A quantitative real-time PCR (qRT-PCR) assay was carried out using a LightCycler® 96 SW 1.1 instrument (Roche, Germany). The reaction mixture was composed of SYBR Premix Ex Taq II (Takara, China), the relevant specific primer set (Table 1), and DNA template. β-actin was used as a housekeeping gene (De Boever et al., 2008). Quantitative PCR was performed with ABI ViiA7 Real-Time PCR System (Applied Biosystems, Carlsbad, CA, United States). The amplification program used was as follows: an initial denaturation step at 95°C for 10 min, followed by 30 cycles of denaturation at 95°C for 30 s, annealing at 60°C for 1 min and extension at 72°C for 1 min, and a final extension step at 72°C for 8 min. The results were analyzed by the CT method using the onboard data assist software (version 3.0, Applied Biosystems/Life Technologies). The data were normalized to the β-actin gene expression.

TABLE 1

Table 1. List of primer sequences^a used for quantitative real-time PCR (qRT-PCR) analysis.

Hemagglutination

The hemagglutination (HA) activity of OMVs was determined using a standard HA microtiter assay. Briefly, twofold dilutions of OMVs in 25 μl volumes of PBS were prepared in duplicate in a U-bottomed microtiter plate. Thereafter, 25 μl of either 1% fresh or glutaraldehyde-fixed chicken red blood cells was added to each well containing OMVs plus the control wells that contained 25 μl of diluent only.
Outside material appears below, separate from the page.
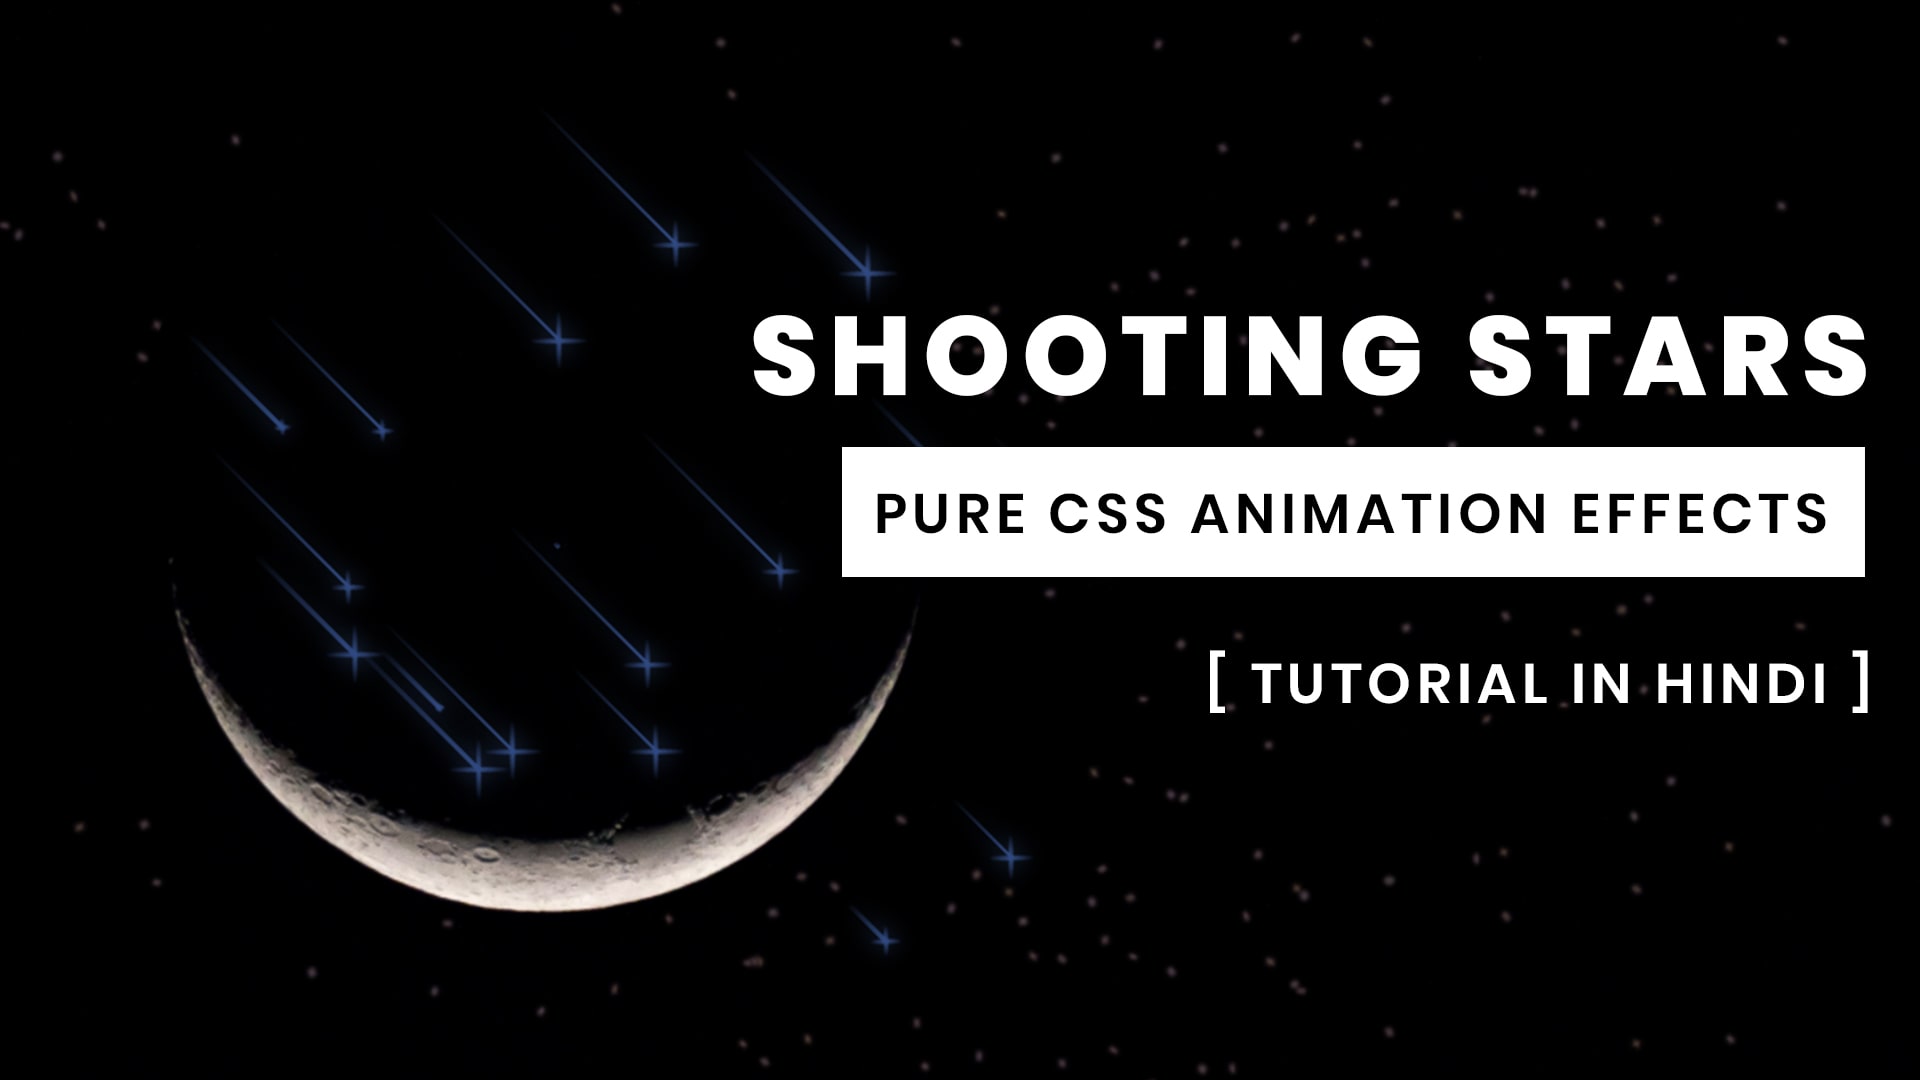 Amezing Pure CSS Shooting Stars Animation Effects | Code4education.
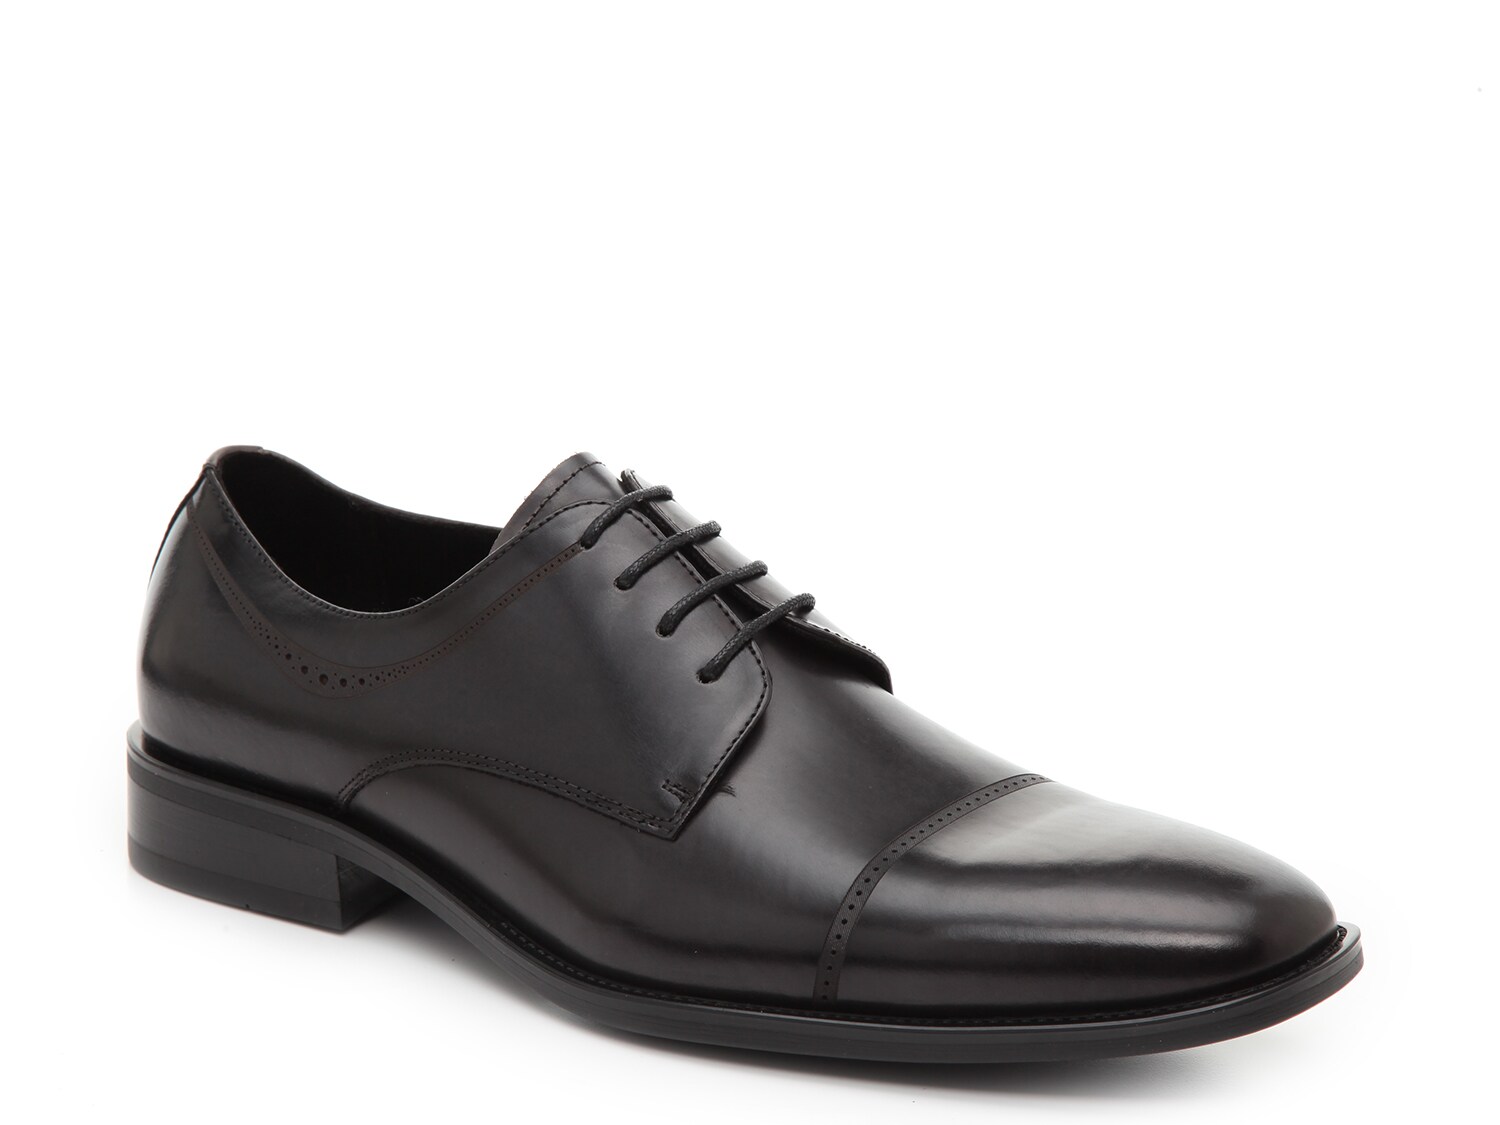 Kenneth Cole Leisure Hours Cap Toe Oxford - Free Shipping | DSW

The plates were incubated at room temperature for 30–60 min, and red blood cells agglutination was detected by direct visual inspection.

OMV Vaccine Evaluation

A mixture of OMVs and MONTANIDE™ ISA 71 VG adjuvants (SEPPIC, Shanghai, China) was emulsified at a 3:7 mass ratio (antigen:adjuvant). The vaccine, termed V-OMVs-A, contained 100 μg/ml of hp8 OMVs (protein concentration). The 42-day-old SPF chickens were randomly divided into a V-OMVs-A vaccinated group and a PBS control group (n = 30 in each group). A 0.5-ml volume of V-OMVs-A was injected into chicken by the breast muscle route in the vaccinated group. The second injection was administered at 2 weeks after the first dose. The control birds were inoculated with PBS.
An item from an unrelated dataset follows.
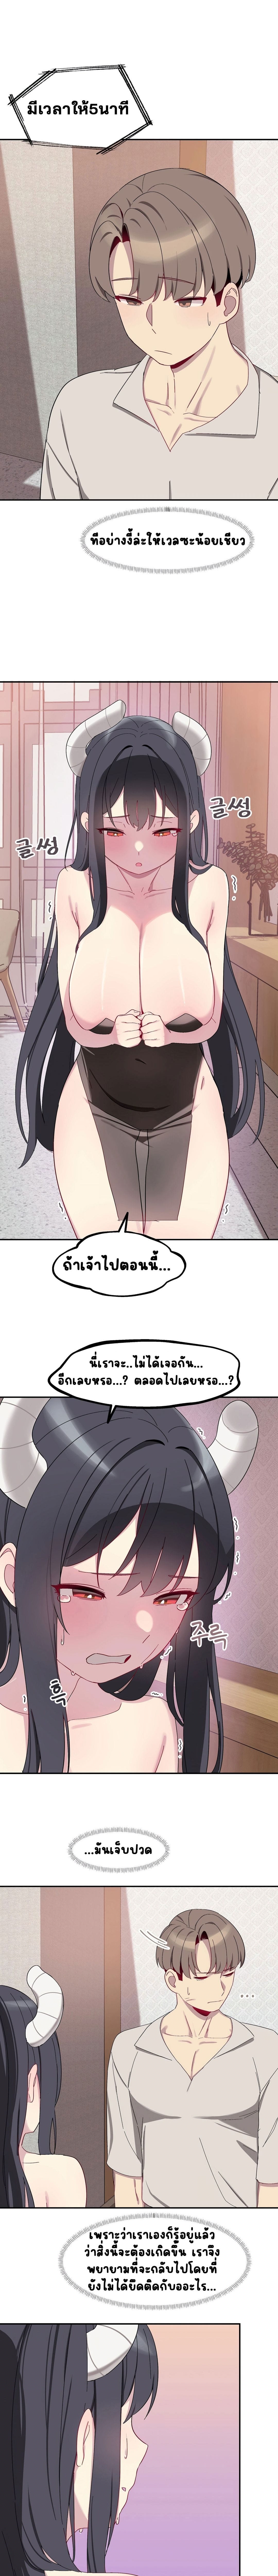 Hospitalized Life in Another World ตอนที่ 5 ภาพ 14
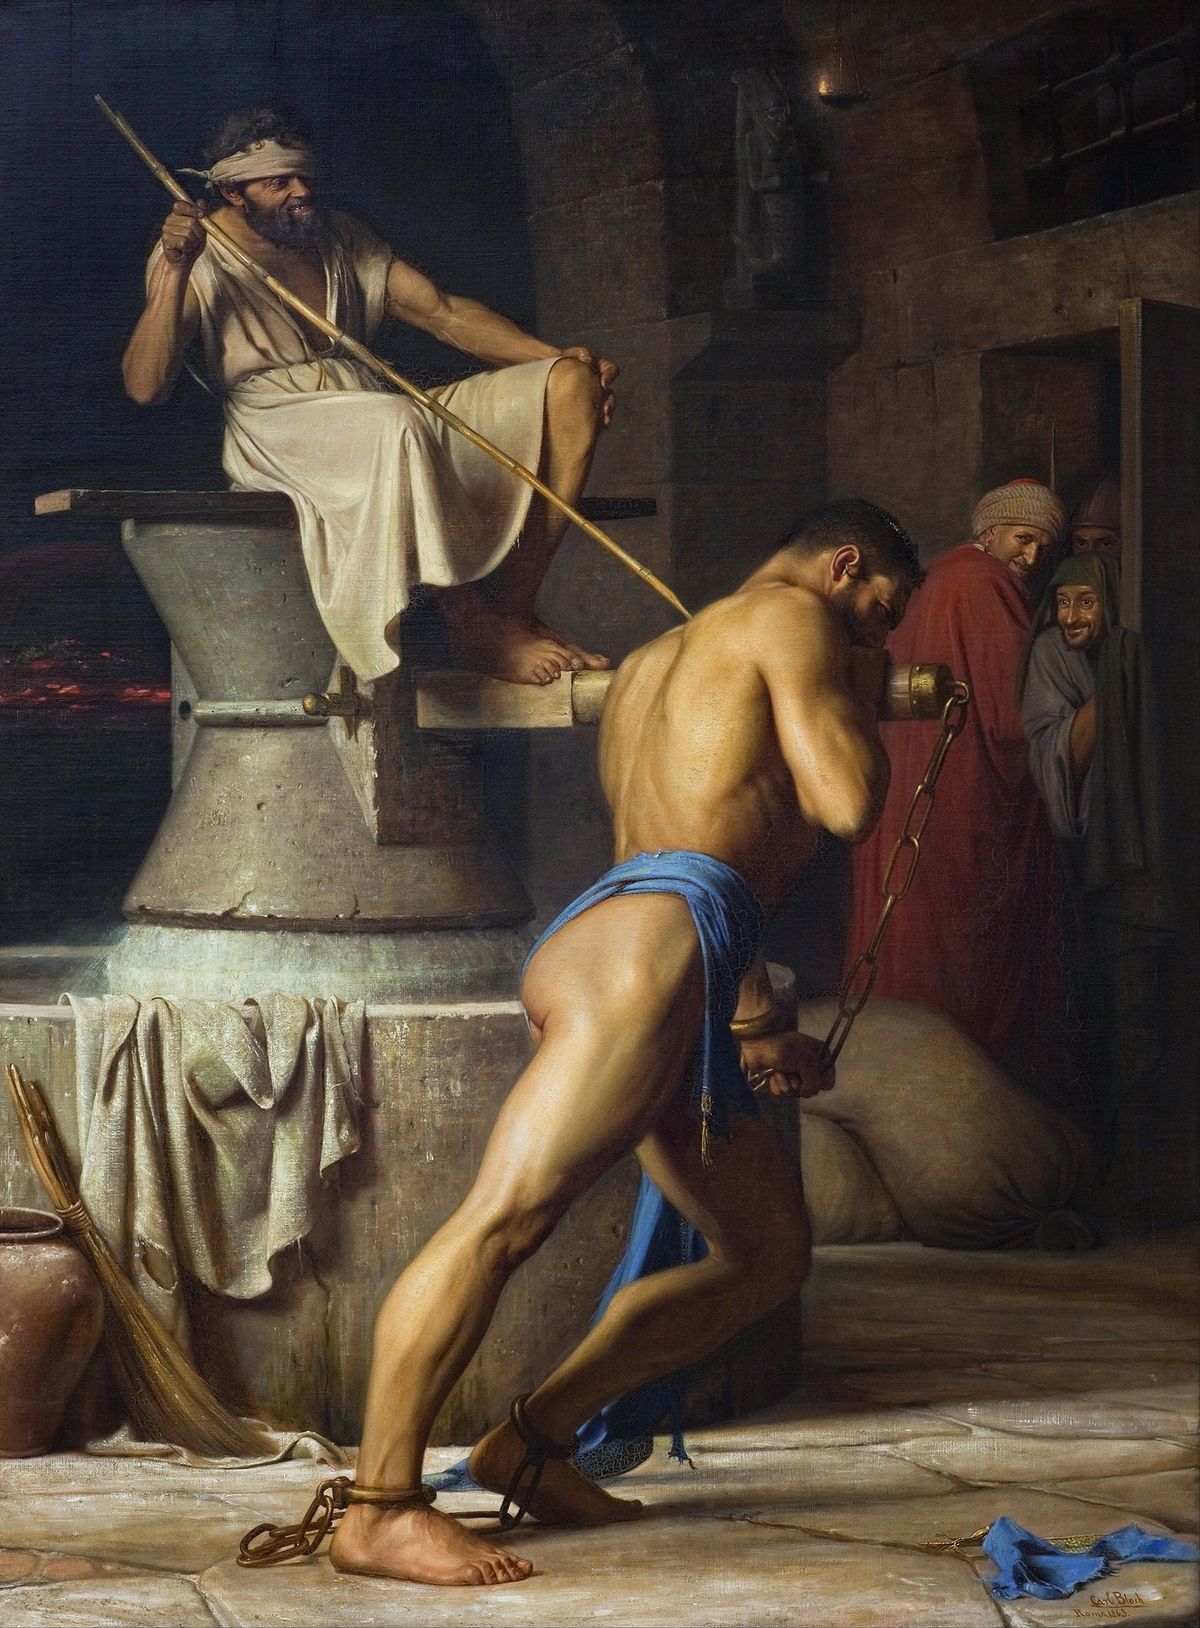 Samson and the Philistines (1863) by Carl Bloch - Public Domain Catholic Painting

Four weeks after the second immunization, all chickens from each group were challenged with one of the three serovars of A. paragallinarum (10 chickens for each serovar) – hp8 (5 × 10⁵ CFUs/0.2 ml), BJ (2 × 10⁵ CFUs/0.2 ml), and 668 (5 × 10⁵ CFUs/0.2 ml), by intranasal inoculation. Clinical signs of infectious coryza, such as mucous exudate from the nostrils, sneezing, swelling of the infraorbital sinuses, facial edema, and conjunctivitis, were recorded from the second to the eighth day postchallenge. All birds were monitored daily, and an individual score was given based on clinical signs: 0, active with no adverse clinical sign; 1, mild facial swelling and or nasal discharge; 2, moderate facial swelling and or nasal discharge, slightly weak with dropped wings weak; and 3, severe facial swelling and or nasal discharge, unresponsive with eyes closed. All chickens were then humanely euthanized, and swabs, taken from both infraorbital sinuses, were cultured on blood agar with a Staphylococcus epidermidis nurse colony (Soriano et al., 2004). The inoculated plates were incubated at 37°C with 5% CO₂. The presence of satellitic colonies, indicating the recovery of the challenge strain of A. paragallinarum, was recorded after overnight incubation. Protection was defined as the absence of clinical signs of infectious coryza and a failure to reisolate A. paragallinarum.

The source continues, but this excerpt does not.